Letter of Credit

The FCC has released a Notice of Proposed Rulemaking (NPRM) that addresses issues related to the letters of credit that providers must carry in order to gain Universal Service Fund (USF) support in deployment of broadband services to high-cost rural areas.

Currently, the letters of credit, which are required of “certain broadband providers,” come from a qualifying bank and carry a certain value, the FCC said.

At issue is that during the past two years, a “significant number” of banks have fallen below the FCC’s standards. This creates the possibility that providers whose letters of credit no longer pass muster would be required to obtain new letters from banks that do qualify. This could impact deployment.

The NPRM seeks comment on changing bank rating standards and allowing the providers covered to reduce the value of their letters of credit sooner. Doing so potentially would free more capital for deployment.

The FCC NPRM looks at the burdens of such scenarios and seeks input on how to define the new standards for the banks that issue the letters. It also seeks comment on reducing the letter of credit value for RDOF support for recipients that have demonstrated sufficient broadband deployment using program funds.

The second issue the FCC wants feedback on is allowing Connect America Fund Phase II providers that have met deployment and reporting obligations to reduce their letter of credit burden by following the RDOF letter of credit rules.

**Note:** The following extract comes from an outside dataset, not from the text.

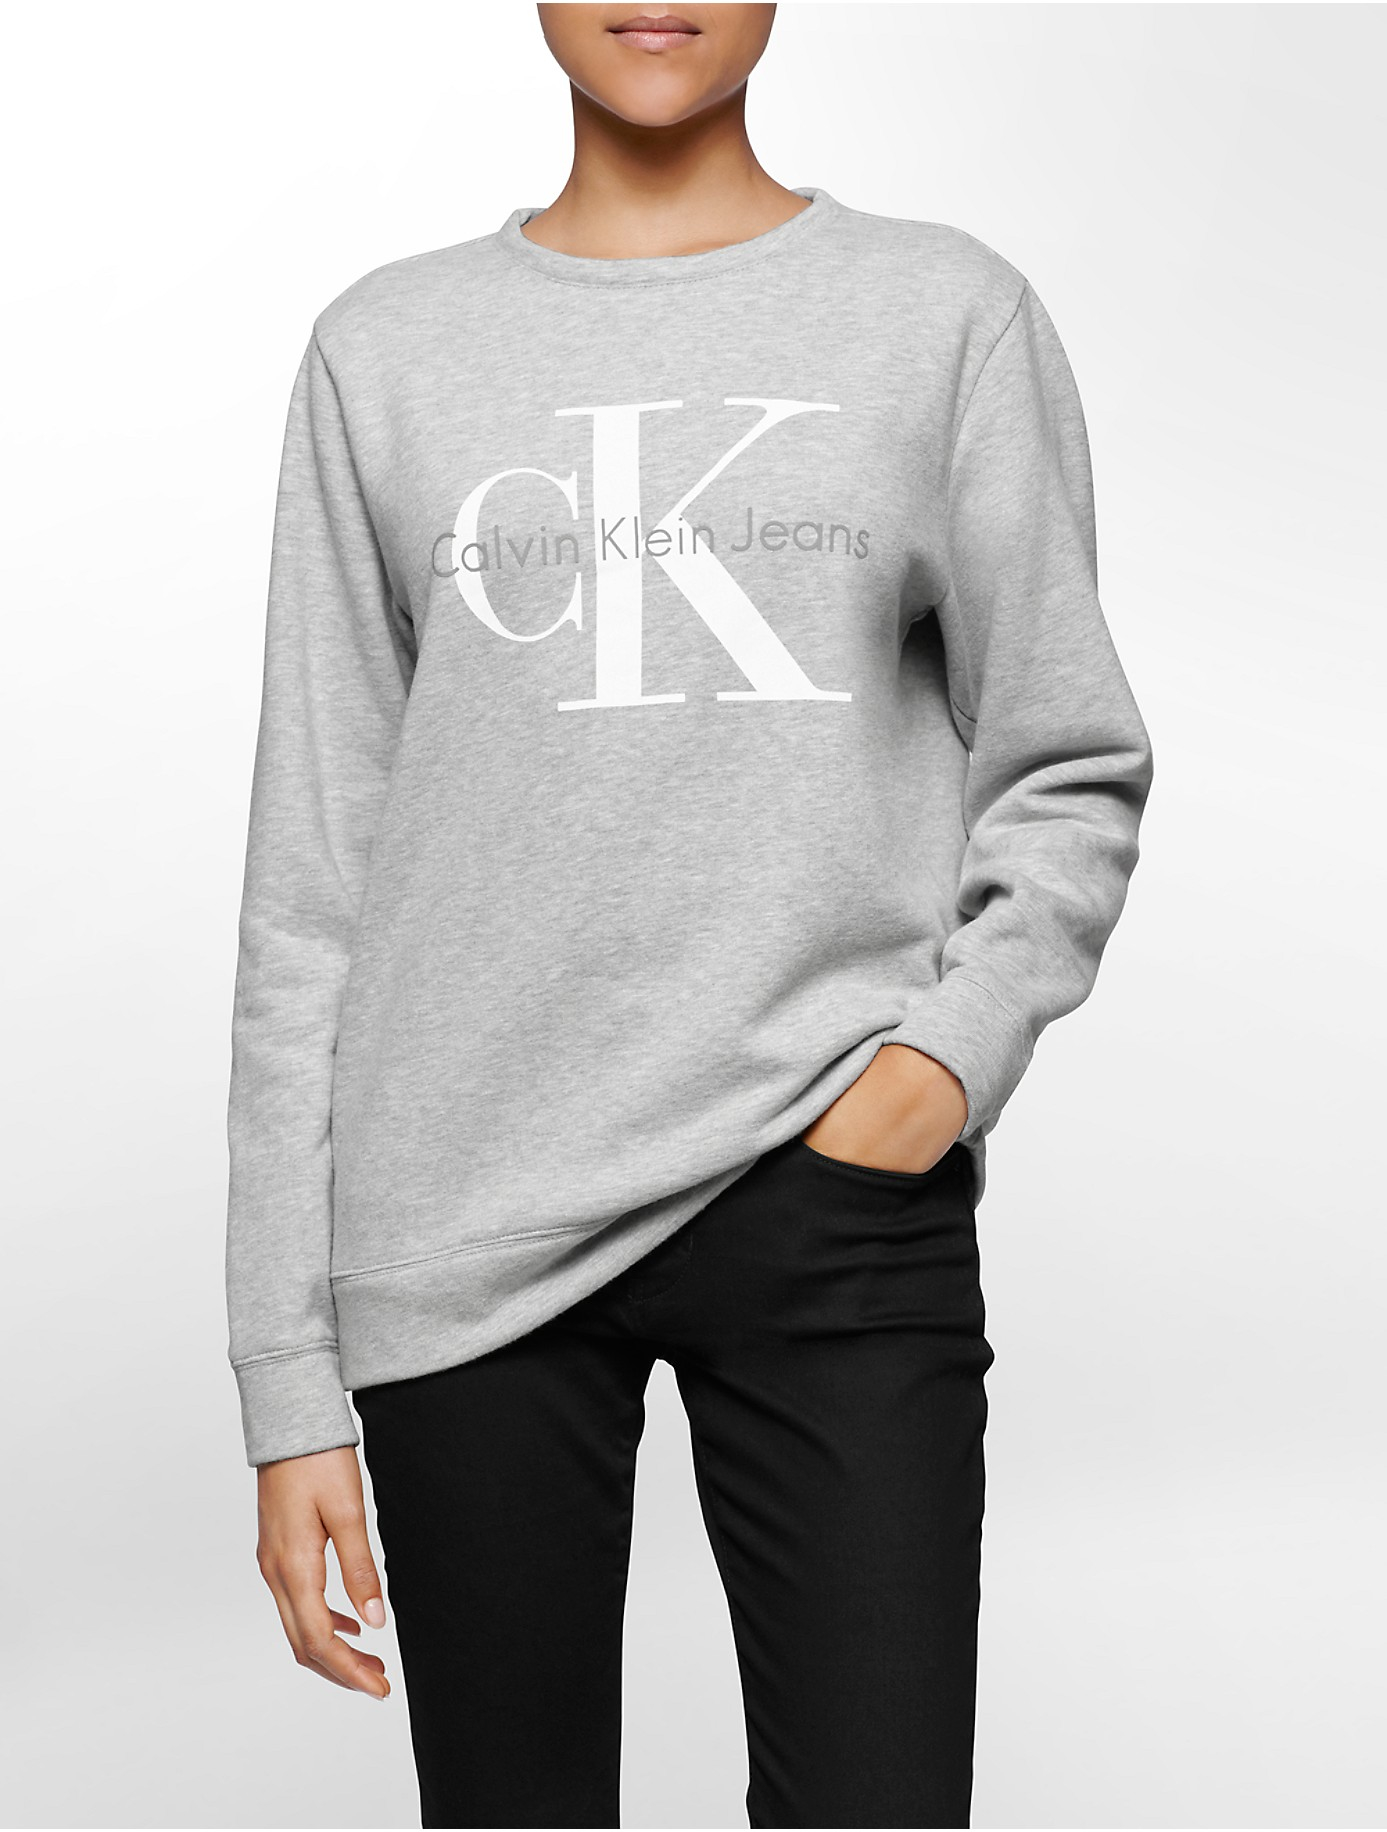 Calvin klein Jeans Vintage Logo Sweatshirt in Gray | Lyst

Letter of credit requirements have been an ongoing challenge for providers for several years.

Last October six of the largest regional providers sent a letter seeking alternatives to current letter of credit requirements for the BEAD program. The letter was sent by Brightspeed, Altafiber, Altice, Consolidated Communications, Windstream, and Ziply Fiber. Collectively, the companies cover 44% of the country. The recipients were Secretary of Commerce Gina Raimondo and Assistant Secretary of Commerce for Communications Alan Davidson.

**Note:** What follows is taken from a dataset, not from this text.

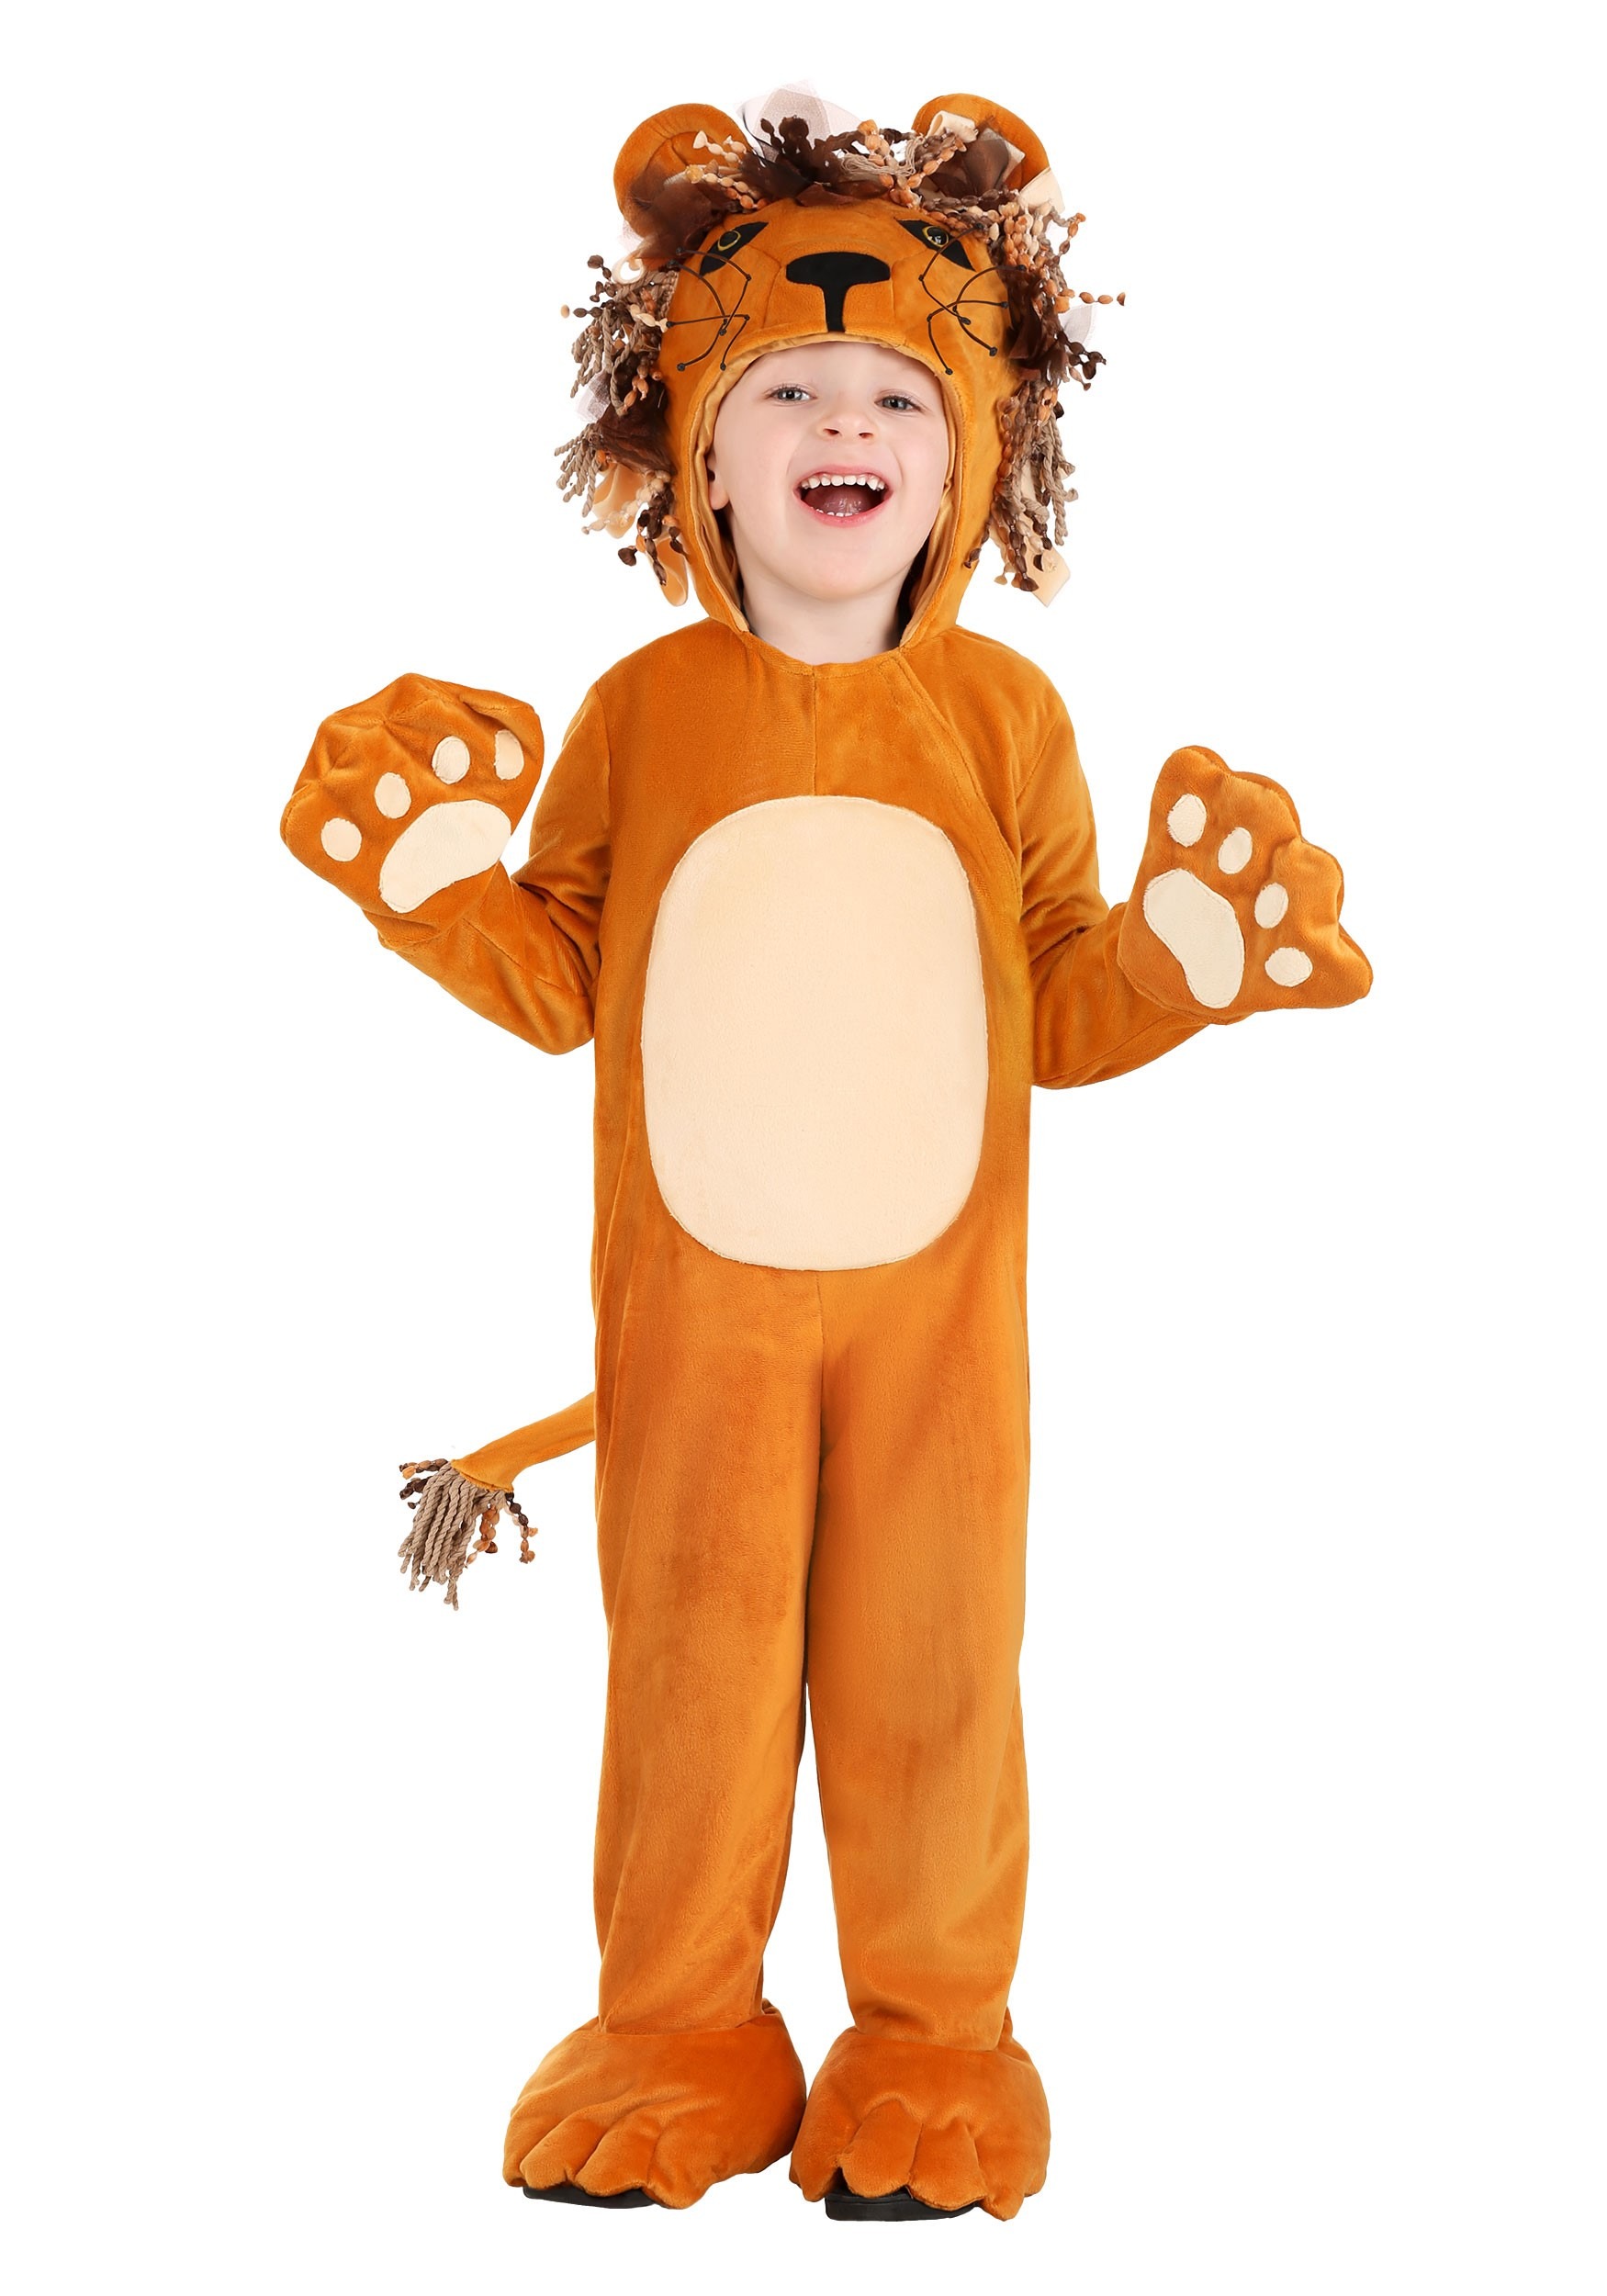 Roaring Lion Costume for Kids

The letter said that the current letter of credit requirements are overly burdensome and will reduce private investments that would expand broadband and hold them back from BEAD deployment goals.

The National Telecommunications and Information Administration (NTIA) took steps in the form of a “programmatic wavier” a few weeks later.

Previously, some providers who won funding in the Rural Broadband Experiments auction were unable to do so because they couldn’t meet letter of credit requirements.